Let's look at the cheap solution:

EQ3 Tripod stiffening

 

There you go! It does mean drilling holes in the tripod, but it will make it a vastly more rigid by preventing the bottom parts of the legs flapping about. Naturally you have to make sure you have all the other screws done up securely (not over tightened!) Also, keep the tripod as low as you can, it will be much more rigid, the extension shown in the photos is about right.

If you can get an EQ5 tripod, then the EQ3 mount should drop straight on:

Dual mount on EQ3 Mount and EQ5 tripod

 

All those gears are my home-made RA drive, the thing that makes the scope follow the stars around the sky -you will need to buy one of these if you don't have a goto version of the EQ3 mount. A single axis motor for EQ3 will set you back about £70. I also recommend a polarscope to simplify and speed up polar alignment, about £33 but this is not essential as you can 'drift align'.

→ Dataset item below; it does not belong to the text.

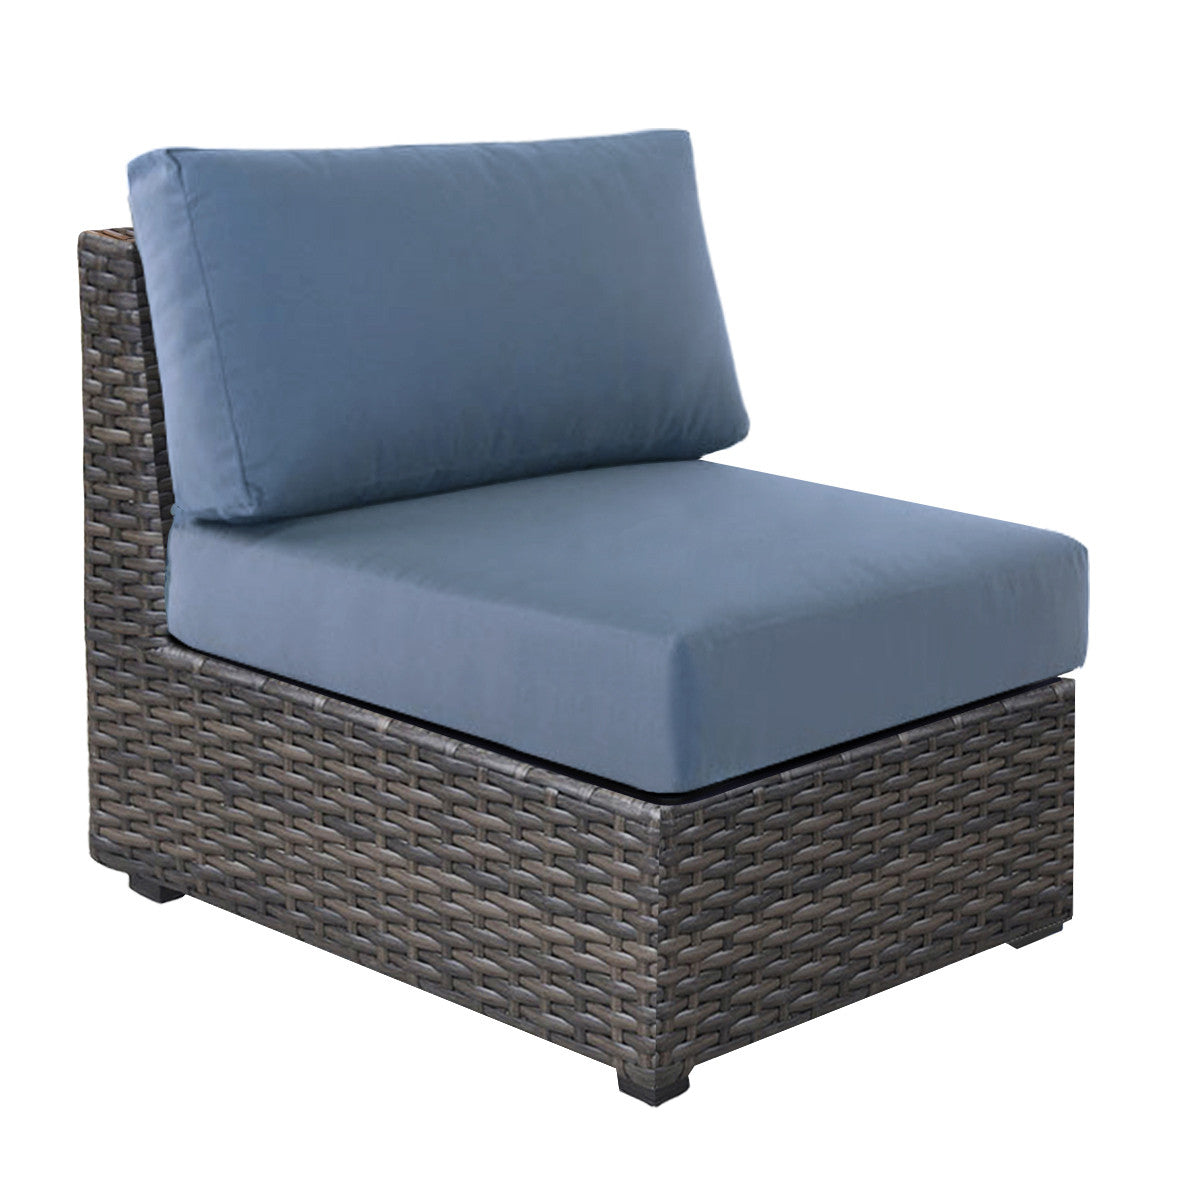 Forever Patio Horizon Wicker Sectional Armless Middle Chair

Ok, now you are thinking this is up to £200 of extra kit! Why not buy a fully-loaded HEQ5?

Good point - If you are buying new from scratch, get the best mount and tripod you can afford, but if you are skint or like me you start off with a second hand scope that comes with an EQ3-2 mount and tripod attached, this is a way to get started for less.

So, if you already have an EQ3 tripod and mount you only need the studding and motor to get started. If you have an EQ3 pro-synscan goto scope - in which case you just need to stiffen or replace the tripod.

But I've made a bold claim - that the EQ3 mount is up to deep-space astrophotography. Well all the astrophotos on this website to date were taken with my NEQ3 mount (just one flavour of EQ3). The mount has not been modified internally or even disassembled and regreased, all I have done is put teflon grease on the wormwheels and take a reasonable amount of care to get a good balance between backlash and freedom of movement of the RA and DEC adjustments. I should say that 'good balance' is more in favour of free movement than backlash as you can balance the mount 'east side heavy' to eliminate the effects of backlash in RA.

Here's an image of the North America Nebula taken using a 130P-DS reflector with coma corrector on the EQ3 mount. This is a stack of the best 90% of 60 one-minute long exposures:

North America and Pelican

 

Finally, many people will say the EQ3 is only up to imaging using camera lenses as telescopes are too heavy for it. The 150PL reflector weighs about three times as much as the 130P-DS and has over twice the focal length, making it it far more pernickity about the quality of tracking. This image is from the 53 best of 60 one-minute exposures. I'll leave it to you to decide if whether or not you can photograph deep space objects with an EQ3 mount.